Re: [RFC v1 0/8] RFC v1: Kernel handling of CPU and memory hot un/plug for crash

From: Eric DeVolder
Date: Tue Dec 07 2021 - 15:05:09 EST


See below, thanks, eric

On 12/1/21 06:59, Baoquan He wrote:
+ akpm

On 11/29/21 at 01:42pm, Eric DeVolder wrote:
Hi, see below.
eric

On 11/24/21 03:02, Baoquan He wrote:
Hi,

On 11/18/21 at 12:49pm, Eric DeVolder wrote:
......
This patchset introduces a generic crash hot un/plug handler that
registers with the CPU and memory notifiers. Upon CPU or memory
changes, this generic handler is invoked and performs important
housekeeping, for example obtaining the appropriate lock, and then
invokes an architecture specific handler to do the appropriate
updates.

In the case of x86_64, the arch specific handler generates a new
elfcorehdr, which reflects the current CPUs and memory regions, into a
buffer. Since purgatory also does an integrity check via hash digests
of the loaded segments, purgatory must also be updated with the new

When I tried to address this with a draft patch, I started with a
different way in which udev rule triggers reloading and only elfcorehdr
segment is updated. The update should be less time consuming. Seems
internal notifier is better in your way. But I didn't update purgatory
since I just skipped the elfcorehdr part when calculate the digest of
segments. The reason from my mind is kernel text, initrd must contribute
most part of the digest, elfcorehdr is much less, and it will simplify
code change more. Doing so let us have no need to touch purgatory at
all. What do you think?

Well certainly if purgatory did not need to be updated, then that simplifies
matters quite a bit!

I do not have any context on the history of including elfcorehdr in the purgatory
integrity check. I do agree with you that checking kernel, initrd, boot_params
is most important. Perhaps allowing the elfcorehdr data structure to change
isn't too bad without including in the integrity check is ok as there is some
sanity checking of it by the capture kernel as it reads it for /proc/vmcore setup.

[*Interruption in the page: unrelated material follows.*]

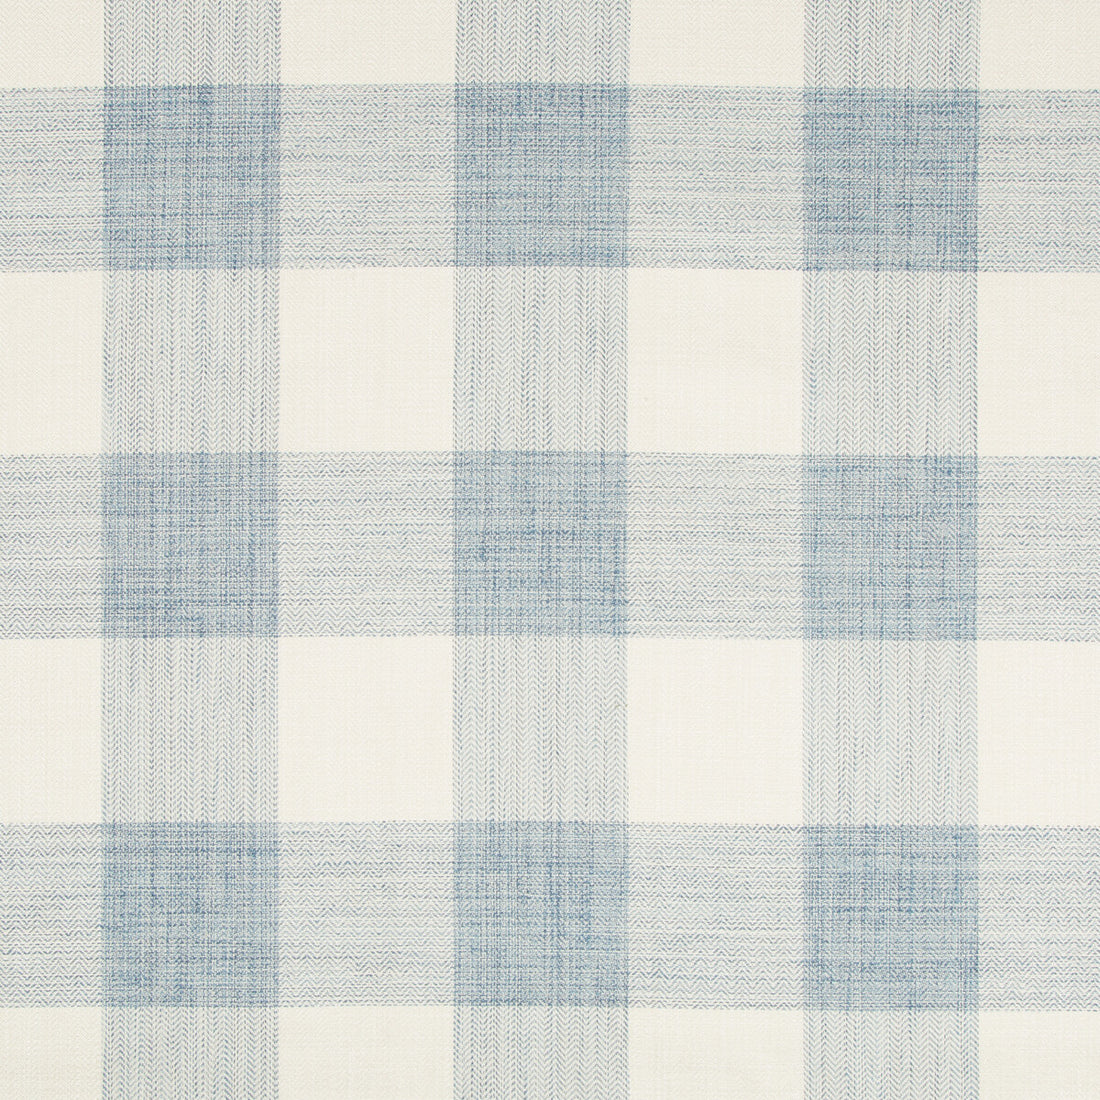 Barnsdale fabric in indigo color - pattern 35306.5.0 - by Kravet Basics in the Greenwich collection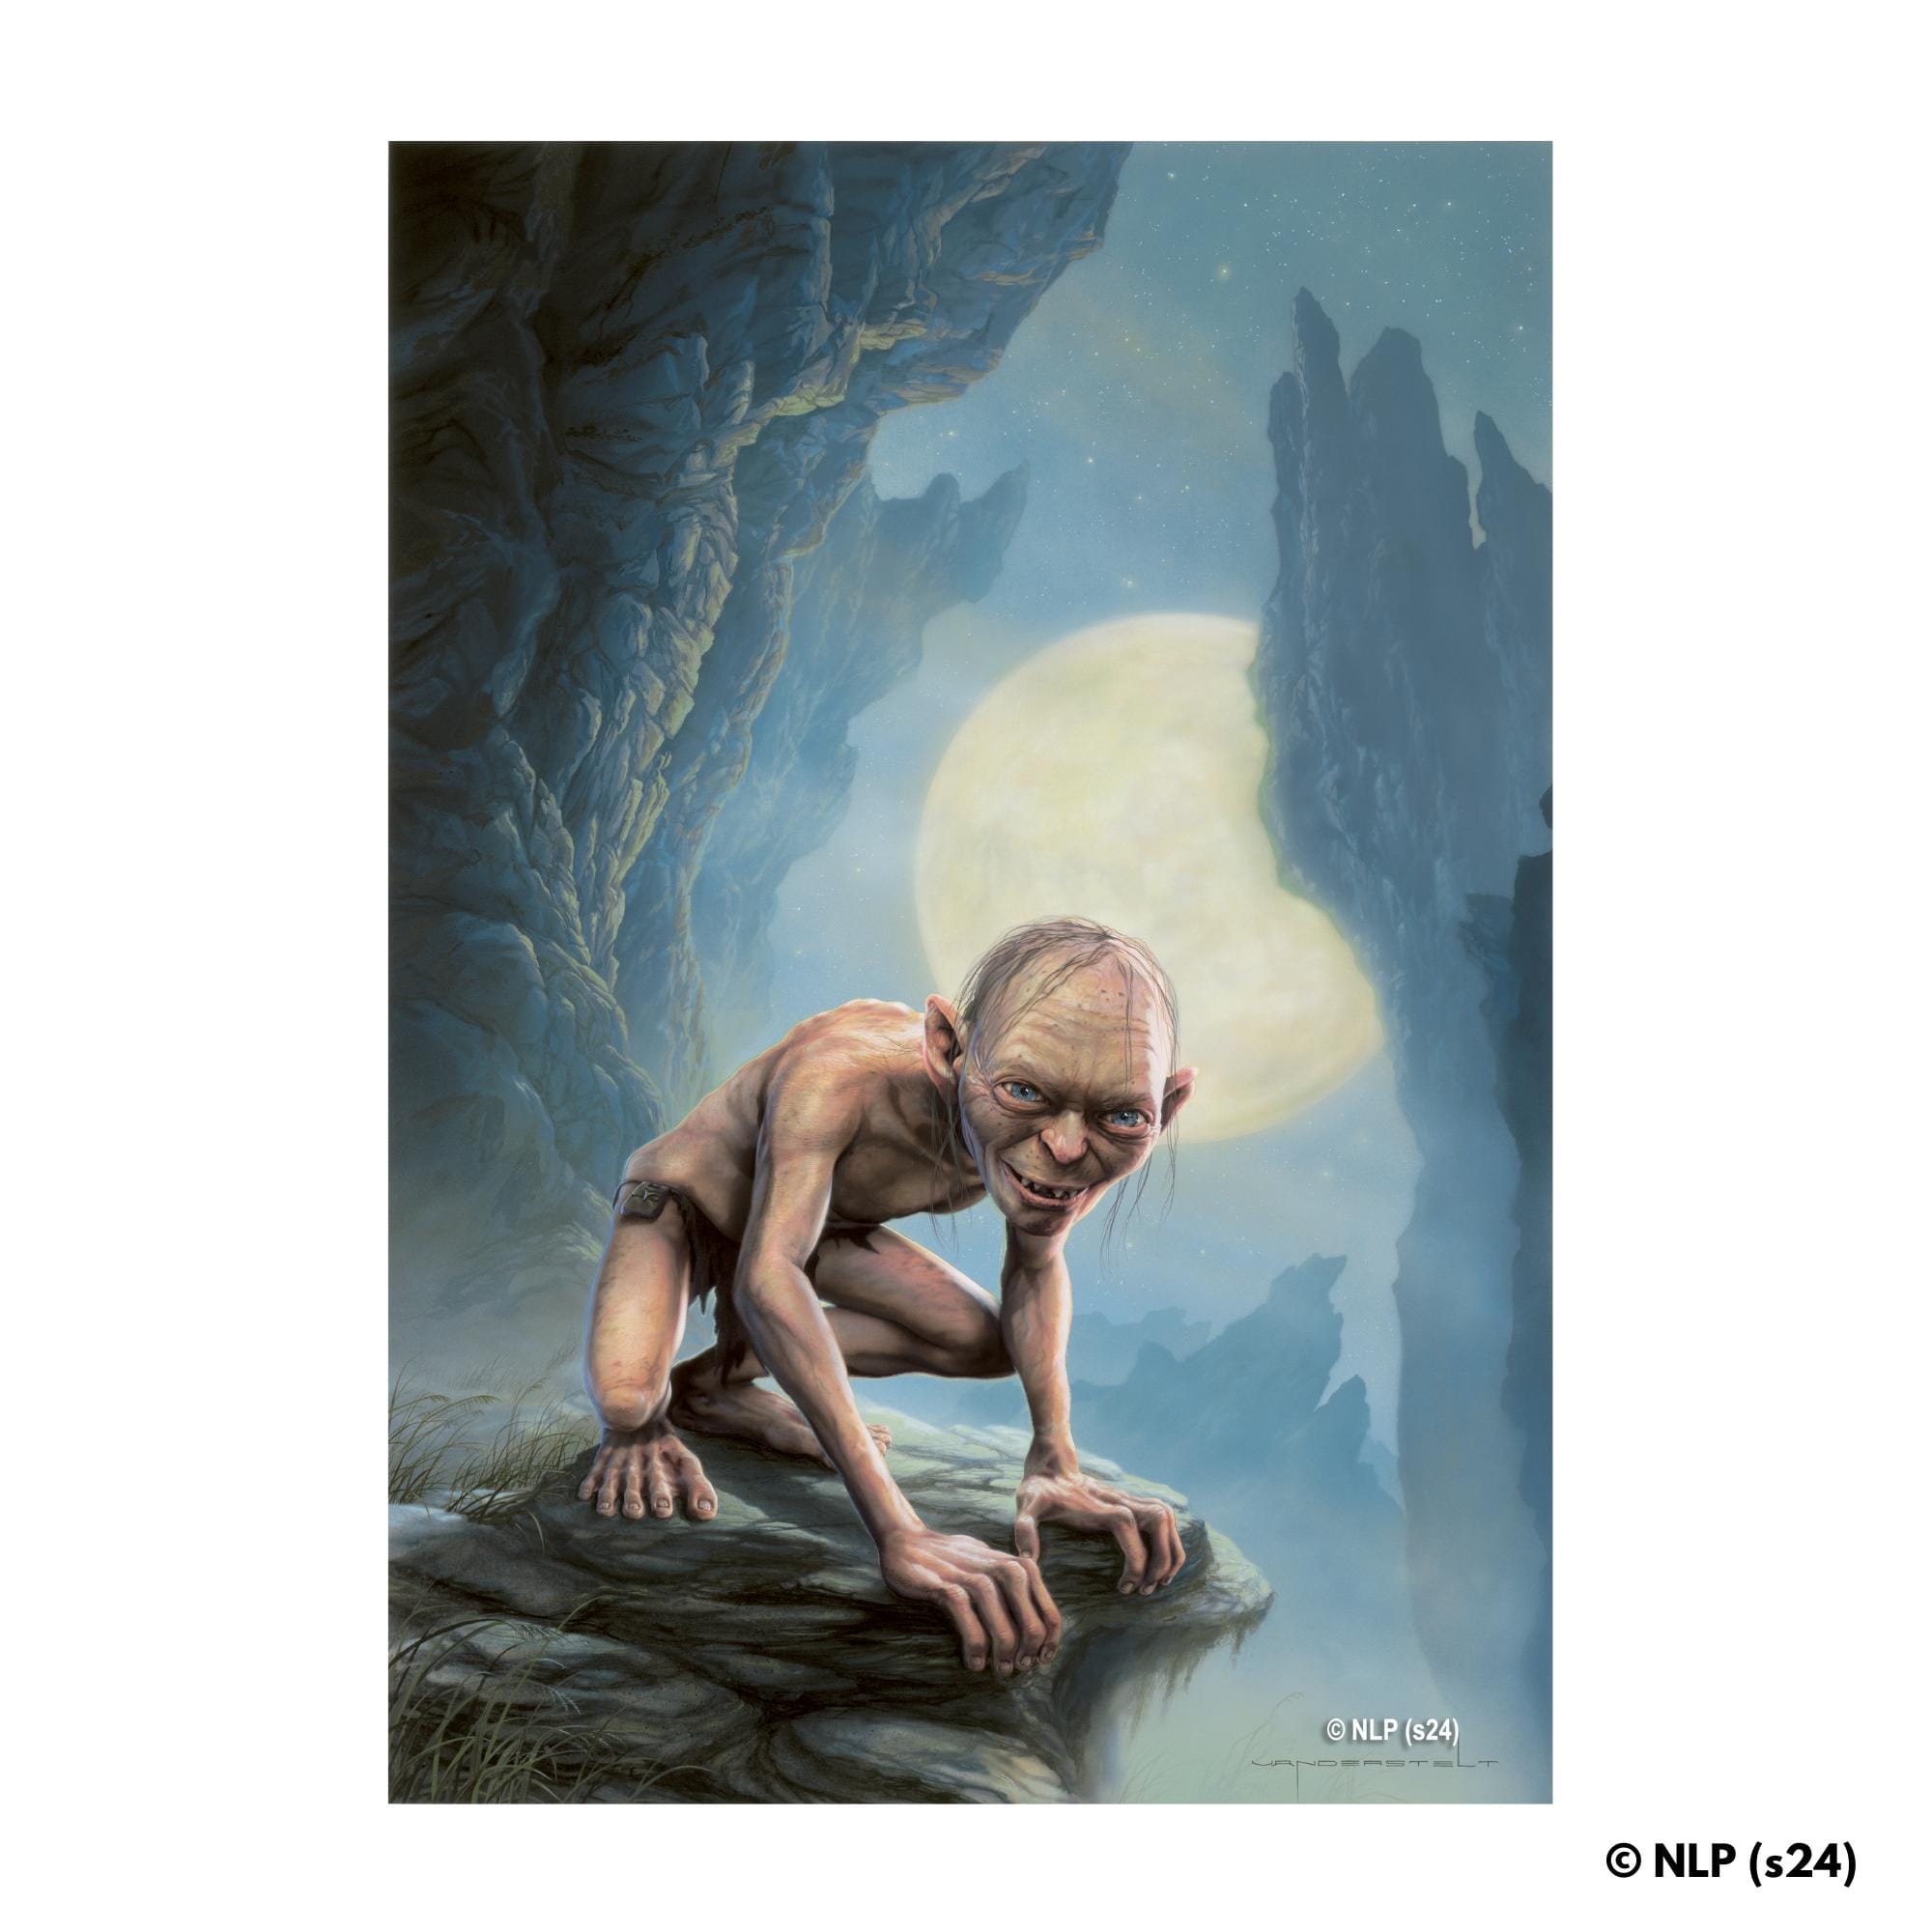 Animal Jigsaw Puzzle > Wooden Jigsaw Puzzle > Jigsaw Puzzle Gollum's Quest - Wooden Jigsaw Puzzle

Well, I think the check has included elfcorehdr since user space
kexec-tools added the check. We can do the skipping in kexec_file load
in kernel for the time being, see if anyone has concern about the
safety or security. Since agreement has been reached, can you split out
the purgatory update and repost a new patchset with the current
frame work to only update elfcorehdr?

I reworked the patchset as you suggested and removed the reload of purgatory.
It simplified things considerably.


Any by the way, I think you have written a very great cover letter which
tells almost all details about the change. However, pity that they are
not put in patch log. In your patch log, you just tell what change is
made in the patch, but the why we need it which is the most important part
is not seen. Most of time, we can get what change has been made from the
code, surely it's very helpful if patch log has told it and can save
reviewers much time, but it's not easy to get why it's needed or
introduced if not being involved in earlier discussion or any context.
And as you know, cover letter will be stripped away whem maintainers
merge patch, only patch log is kept.

I've tried to place more information in the individual patch commit messages,
or the code itself.

I just posted v2!

Thanks for your interest and review!
eric


Thanks
Baoquan



Still reviewing.

Thank you!


digests. The arch handler also generates a new purgatory into a
buffer, performs the hash digests of the new memory segments, and then
patches purgatory with the new digests. If all succeeds, then the
elfcorehdr and purgatory buffers over write the existing buffers and
the new kdump image is live and ready to go. No involvement with
userspace at all.